Applications of the group effects include (1) estimation and inference for meaningful group effects on the response variable, (2) testing for "group significance" of the q variables via testing H_{0}:\xi _{A}=0 versus H_{1}:\xi _{A}\neq 0, and (3) characterizing the region of the predictor variable space over which predictions by the least squares estimated model are accurate.
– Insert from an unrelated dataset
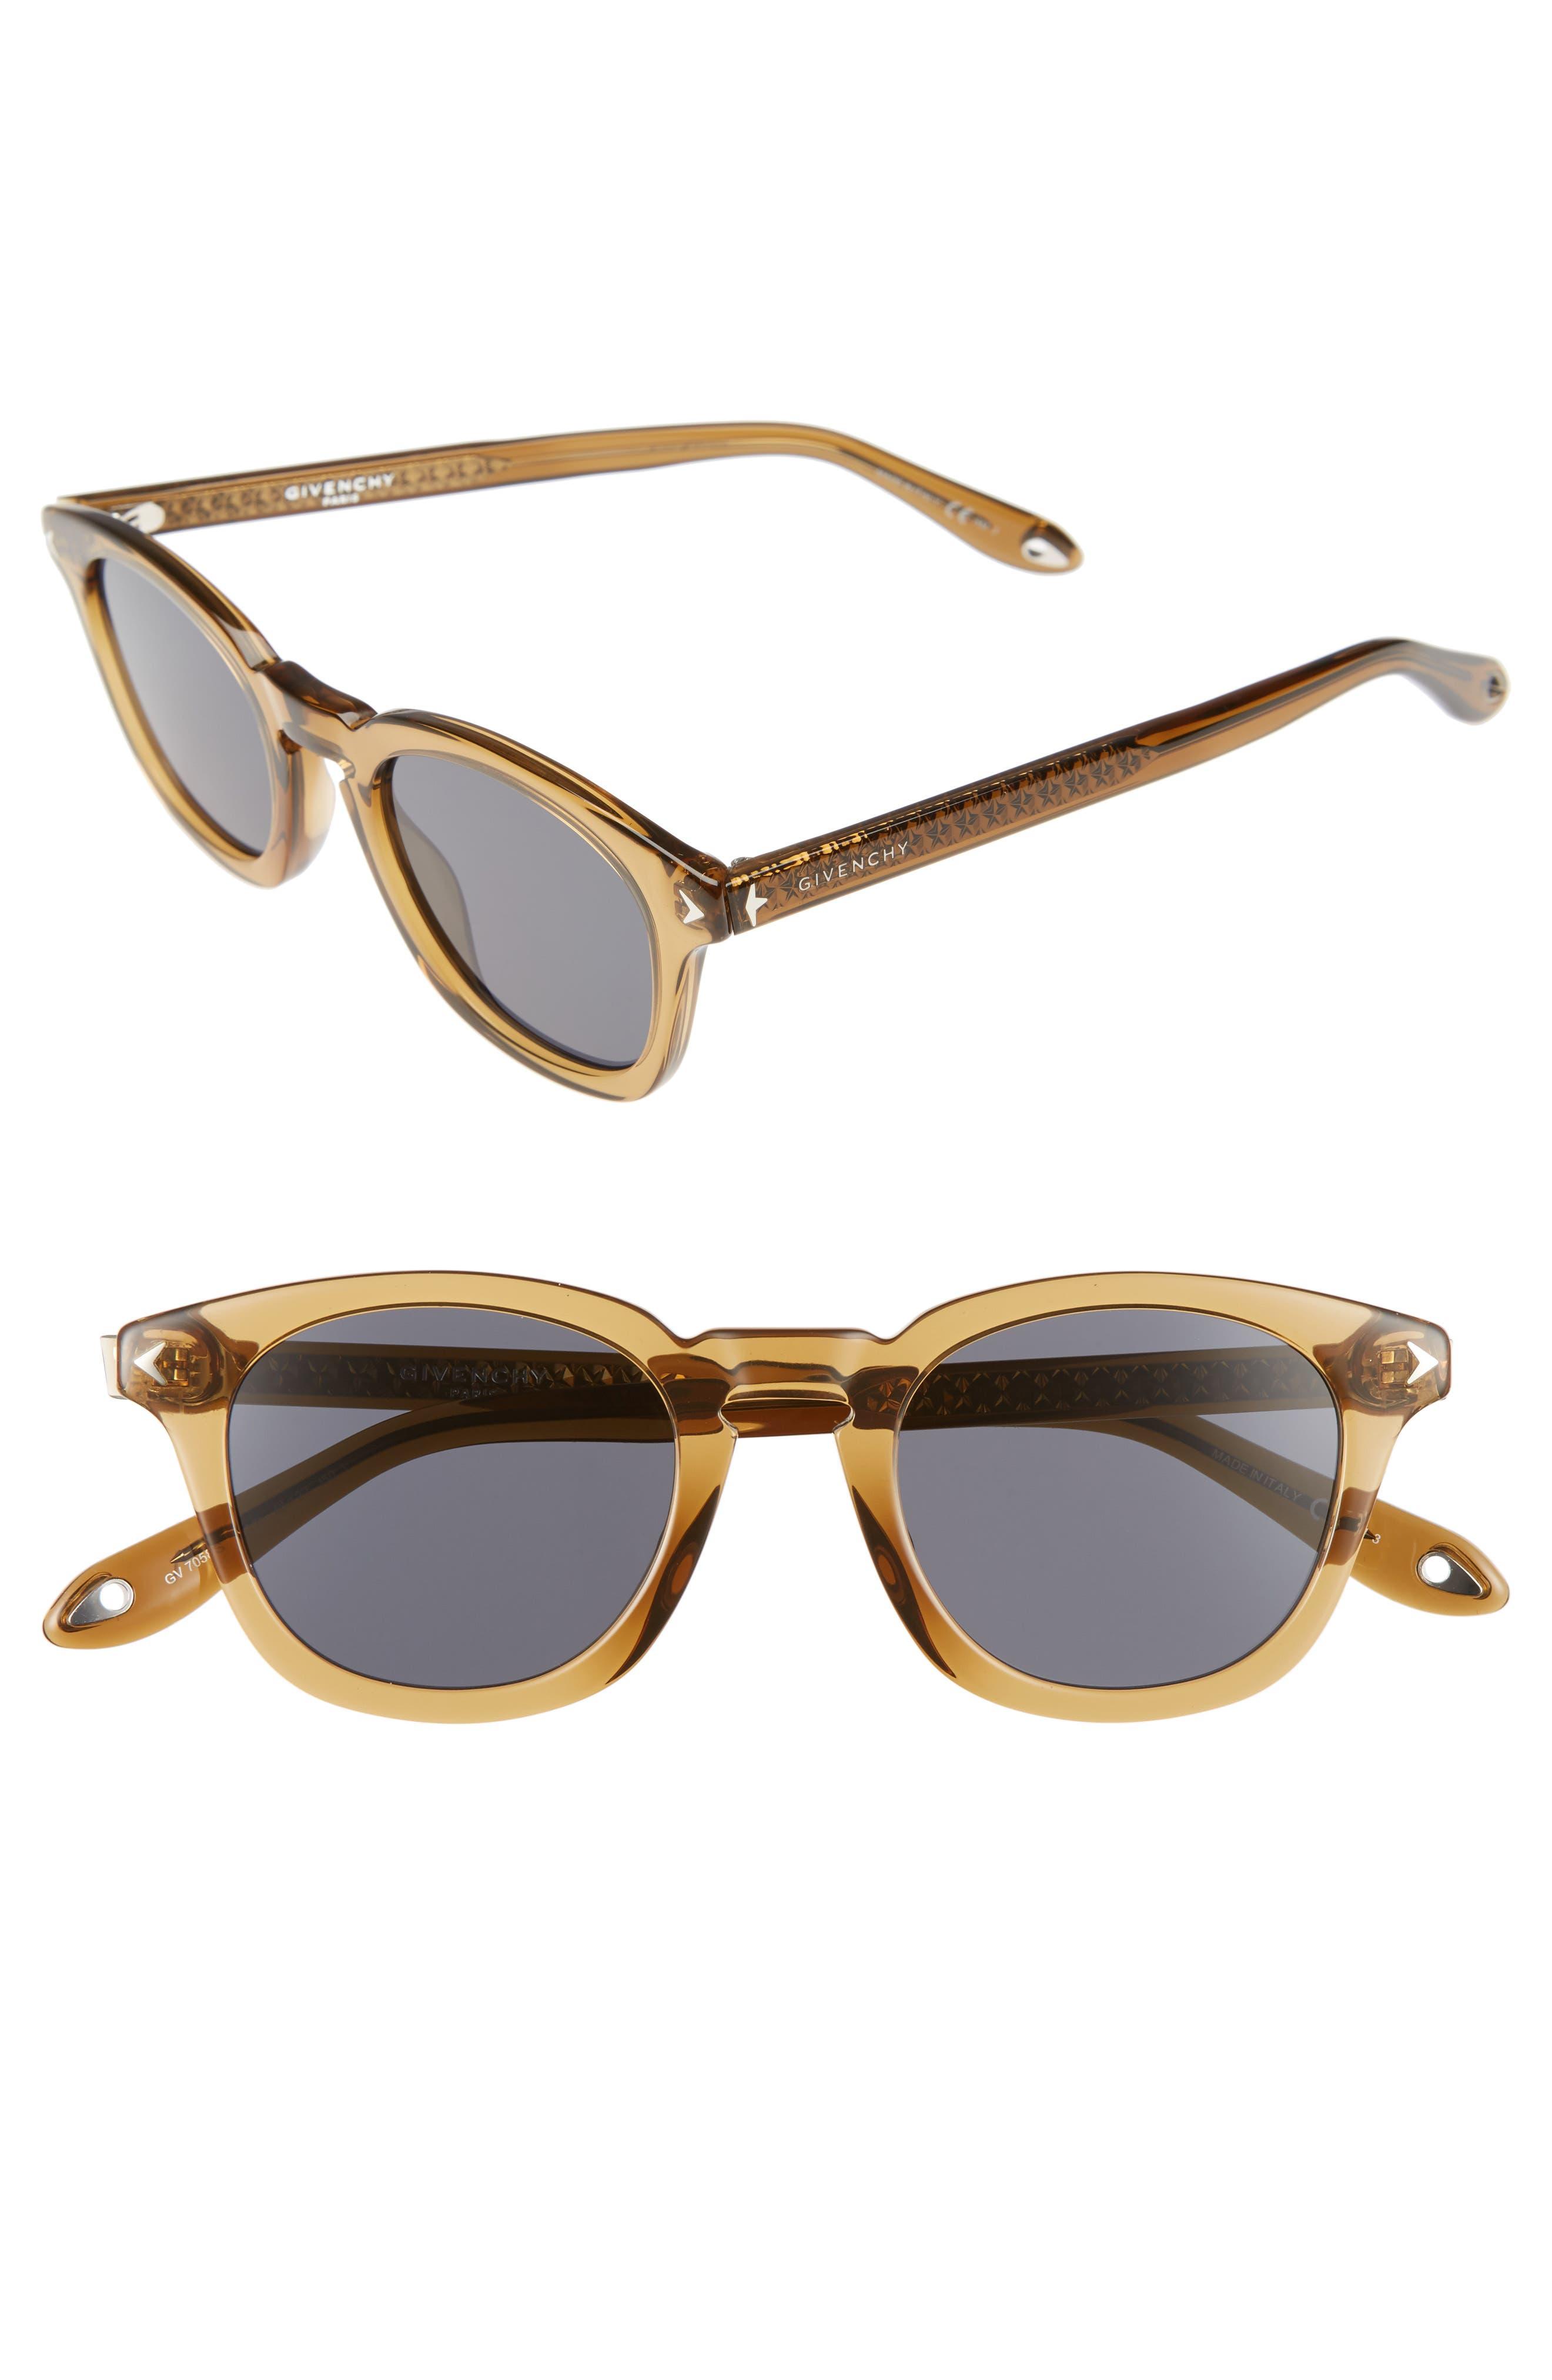 48mm Polarized Sunglasses,                         Main,                         color, Beige

A group effect of the original variables \{x_{1},x_{2},\dots ,x_{q}\} can be expressed as a constant times a group effect of the standardized variables \{x_{1}',x_{2}',\dots ,x_{q}'\}. The former is meaningful when the latter is. Thus meaningful group effects of the original variables can be found through meaningful group effects of the standardized variables.


Others

In Dempster–Shafer theory, or a linear belief function in particular, a linear regression model may be represented as a partially swept matrix, which can be combined with similar matrices representing observations and other assumed normal distributions and state equations. The combination of swept or unswept matrices provides an alternative method for estimating linear regression models.